# Combining milk



## Aintlifegrand (Jun 3, 2005)

Can I Combine my milk from this mornings milking with this evenings..after i have cooled it down..all these jars in the refrigerator is driving me nuts..lol


----------



## Two Tracks (Jul 13, 2013)

Hello, I milk sheep and it has a good storage life in fridge. For example: My ewes don't provide the volume of milk that cows and goats do, I was making cheese weekly but storing about a quart per day (most my ewes were dried and had only 3 to work with towards the end) I would need 6 qts to do a batch so it would take 6 days to gather enough, well one time I found a "lost" quart freezer bag of milk that fell behind crisper, it had a date that put it 9 days old, I called a co-op and the lady told me she didn't know but to smell and taste it, I did and it seemed fine so I went ahead and made some cheese that turned out good so my guess is that your milk is fine in fridge storage but first smell and taste it to be sure. 

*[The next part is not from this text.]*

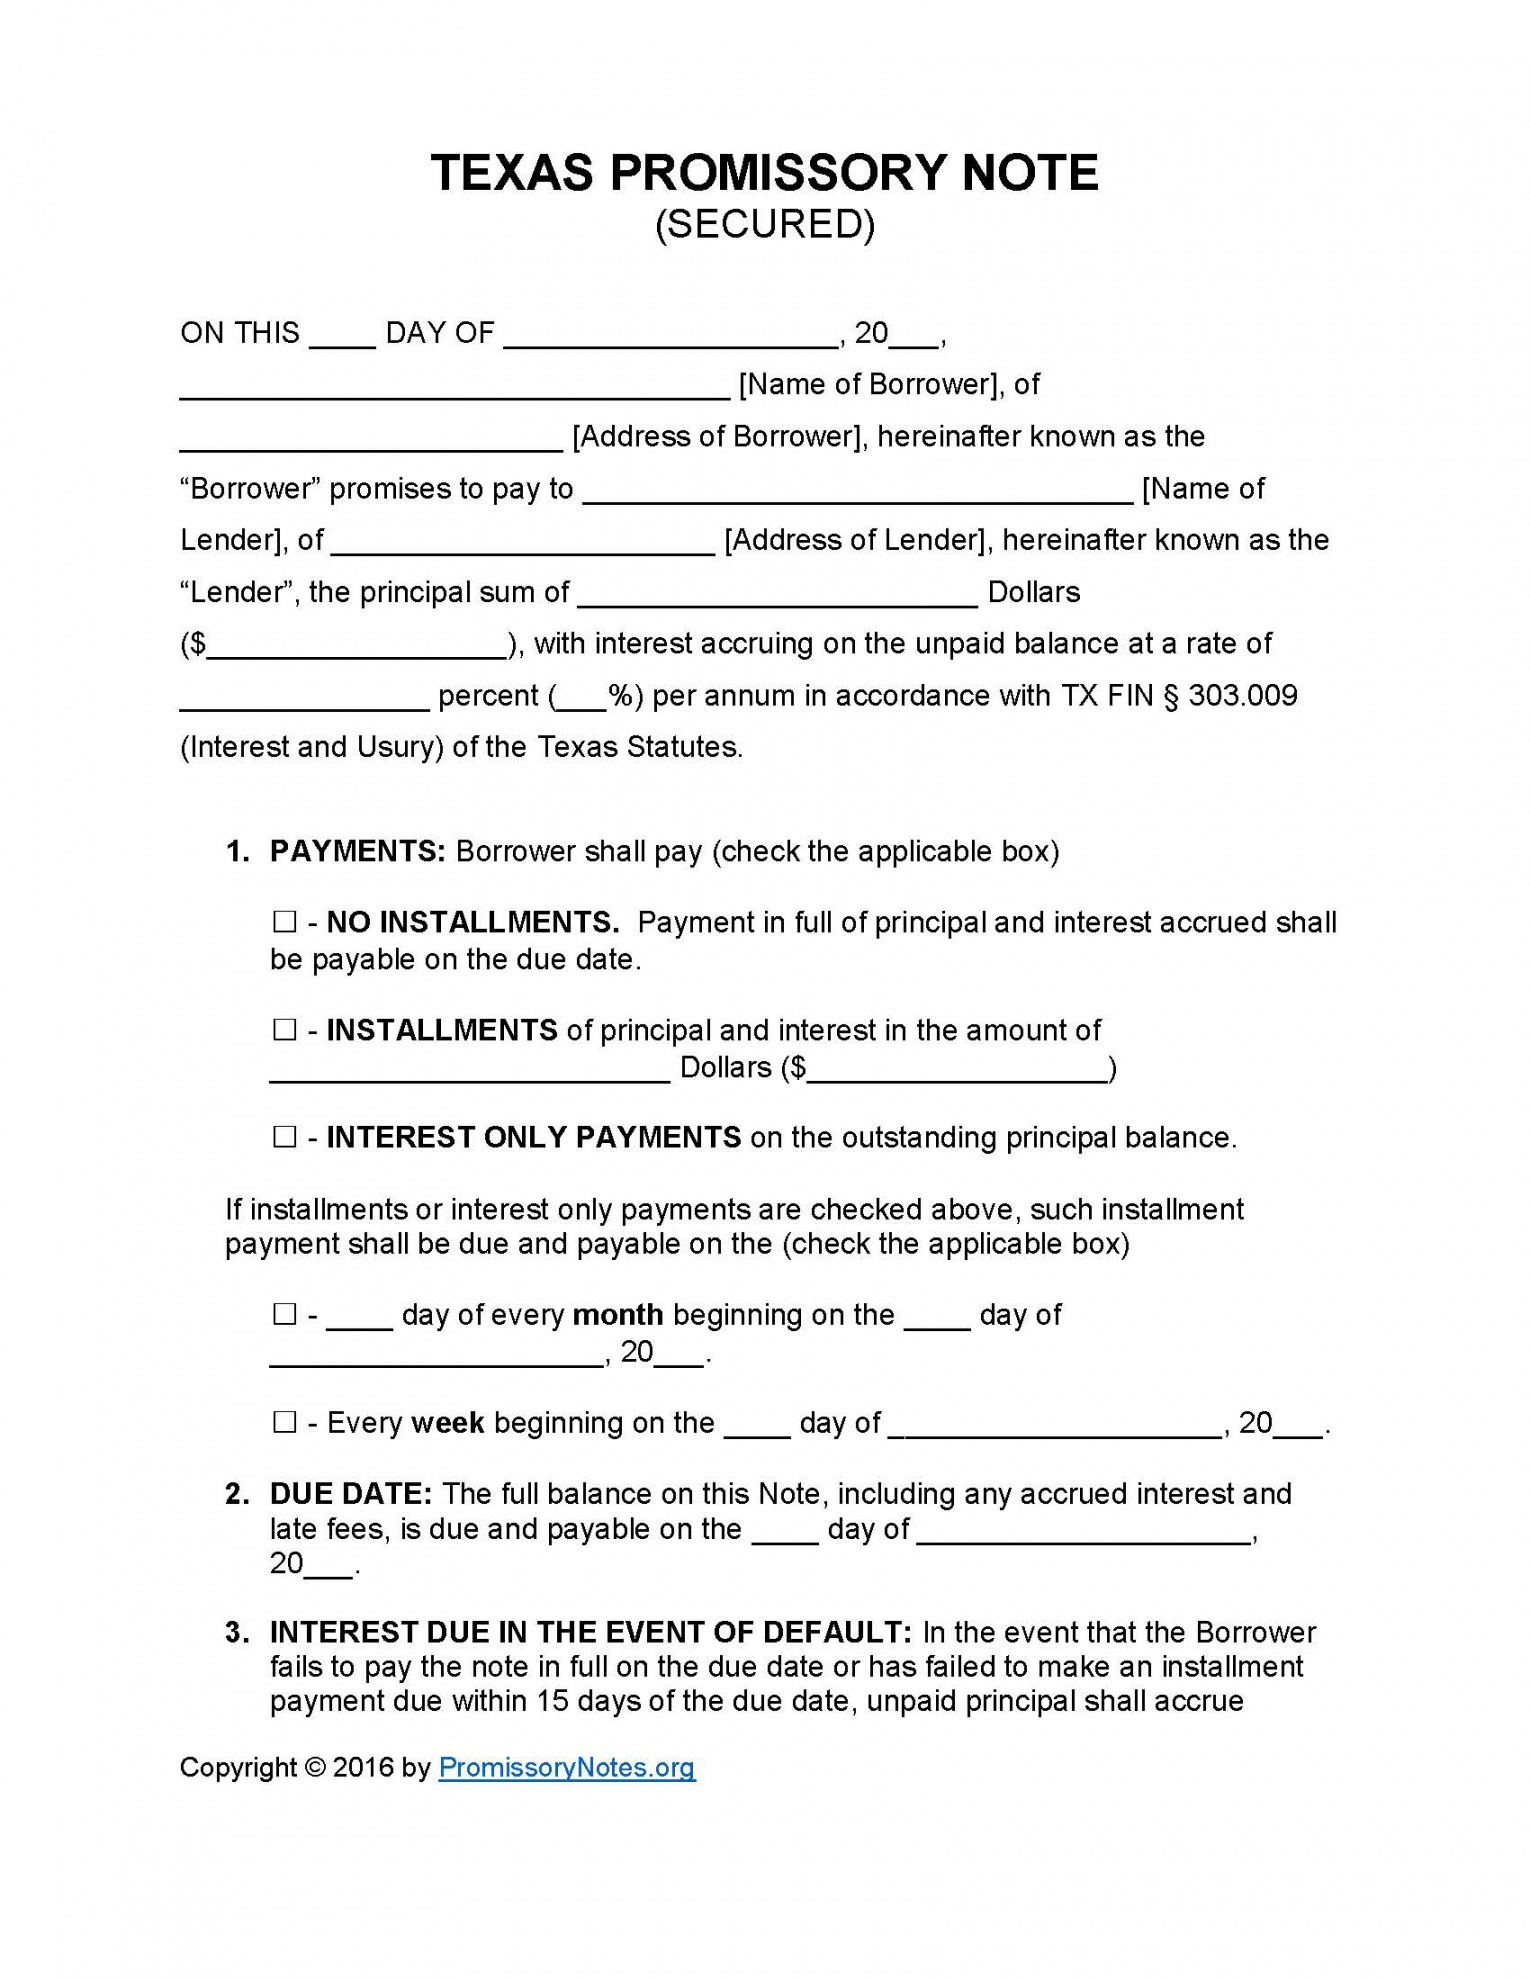 texas secured promissory note template  promissory notes texas promissory note template doc

This might sound funny ~I do the "coffee test" make some coffee or heat up todays left over coffee and pour your milk in it, if it breaks up in pieces it's no good, if it blends in nicely it's good. Just something I've discovered. ~Chris


----------



## Lannie (Jan 11, 2004)

Aintlifegrand said:


> Can I Combine my milk from this mornings milking with this evenings..after i have cooled it down..all these jars in the refrigerator is driving me nuts..lol


Yes, you can combine your milk. I do it all the time, and it's perfectly fine. :thumb:

~Lannie


----------



## Aintlifegrand (Jun 3, 2005)

Thanks..i made mozzerella and ricotta tonight so that helped fix the crowded refrigerator..lol...but now i know because tommorrow is after all another day.


----------